Purpose: To investigate whether dexmedetomidine infusion could reduce opioid consumption and opioid-related side effects after uterine artery embolization (UAE).
Materials And Methods: Fifty patients undergoing UAE for symptomatic leiomyomas or adenomyosis were randomized into two groups. In 25 patients, dexmedetomidine infusion was started at 0.2 μg/kg/h at 30 minutes before the procedure, followed by 0.4 μg/kg/h for 6 hours after the procedure. In another 25 patients (control group), volume-matched normal saline solution was administered. Both groups received fentanyl-based intravenous patient-controlled analgesia (PCA; fentanyl 10 μg/h with a bolus dose of 20 μg) during the 24 hours after the procedure. Nonspherical polyvinyl alcohol particles were used. Pain scores, fentanyl consumption, need for additional analgesics, and side effects were assessed for 24 hours after UAE.
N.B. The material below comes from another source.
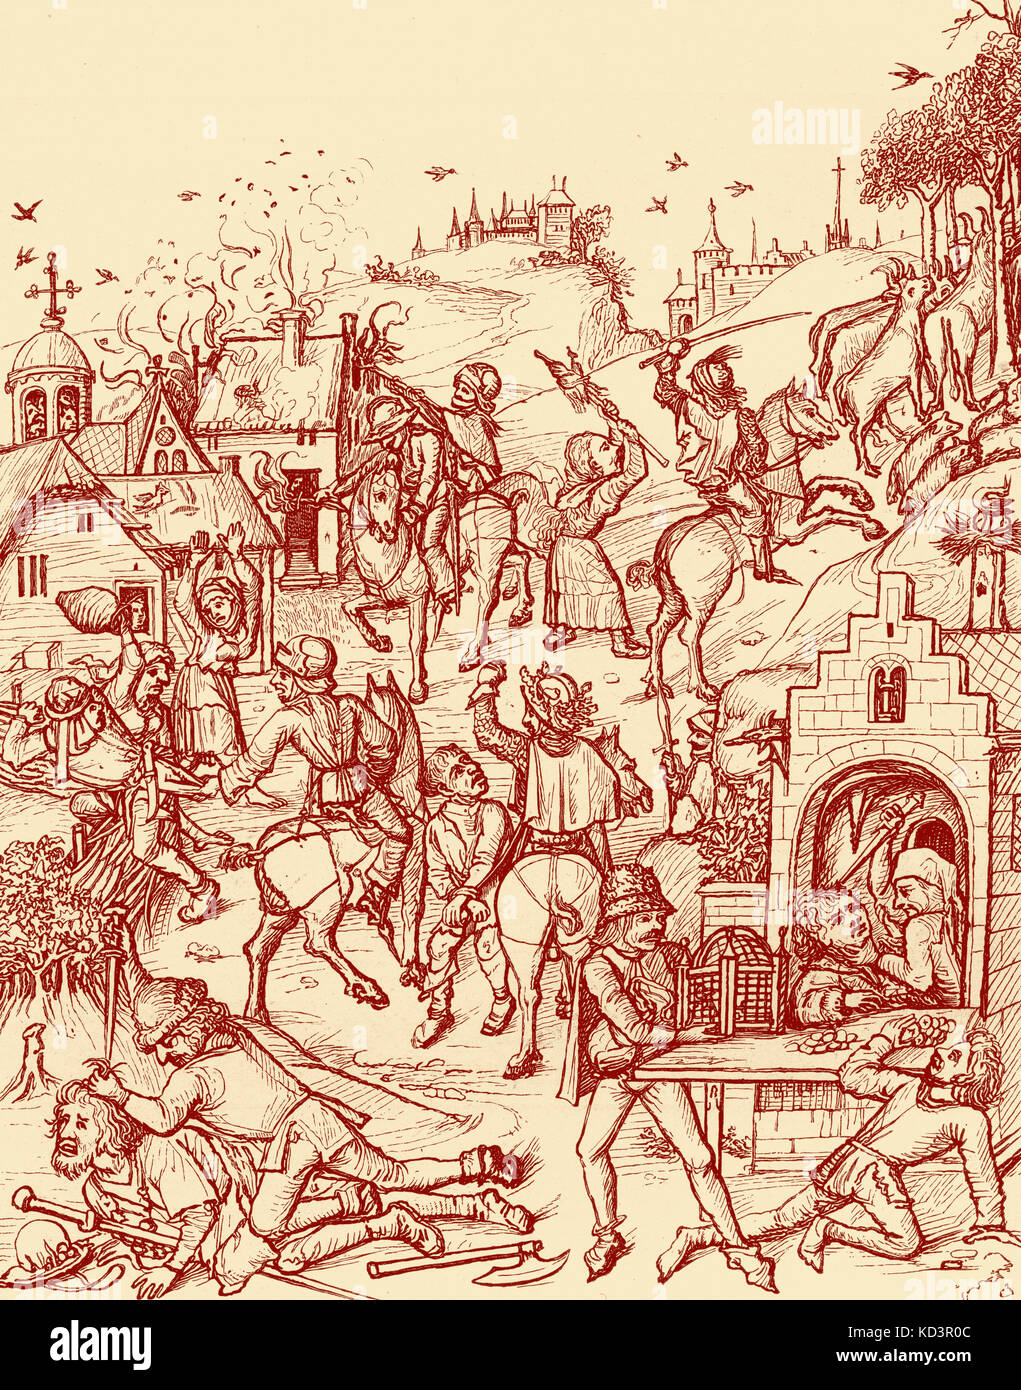 Plünderung eines mittelalterlichen deutschen Dorfes durch ein Raubritter - feudalen Landbesitzer Rückgriff auf Banditentum, geschützt durch seine Rechtsstellung, um finanzielle Schwierigkeiten, 15. Jahrhundert Abbildung zu lindern Stockfoto

Results: Compared with the control group, patients in the dexmedetomidine group required 28% less PCA fentanyl during the 24 hours after UAE (P = .006). Numeric rating scale scores for pain (5.0±2.4 vs 7.0±2.2; P = .026) and the need for additional analgesics (two of 25 vs 17 of 25; P<.001) were lower in the dexmedetomidine group than in the control group during the first 1 hour after UAE. The incidence and severity of nausea and vomiting during the 24 hours after UAE were lower in the dexmedetomidine group than in the control group (P < .05).
Conclusions: The addition of dexmedetomidine infusion to fentanyl PCA provides better analgesia, fentanyl-sparing effect, and less nausea and vomiting, without significant hemodynamic instability.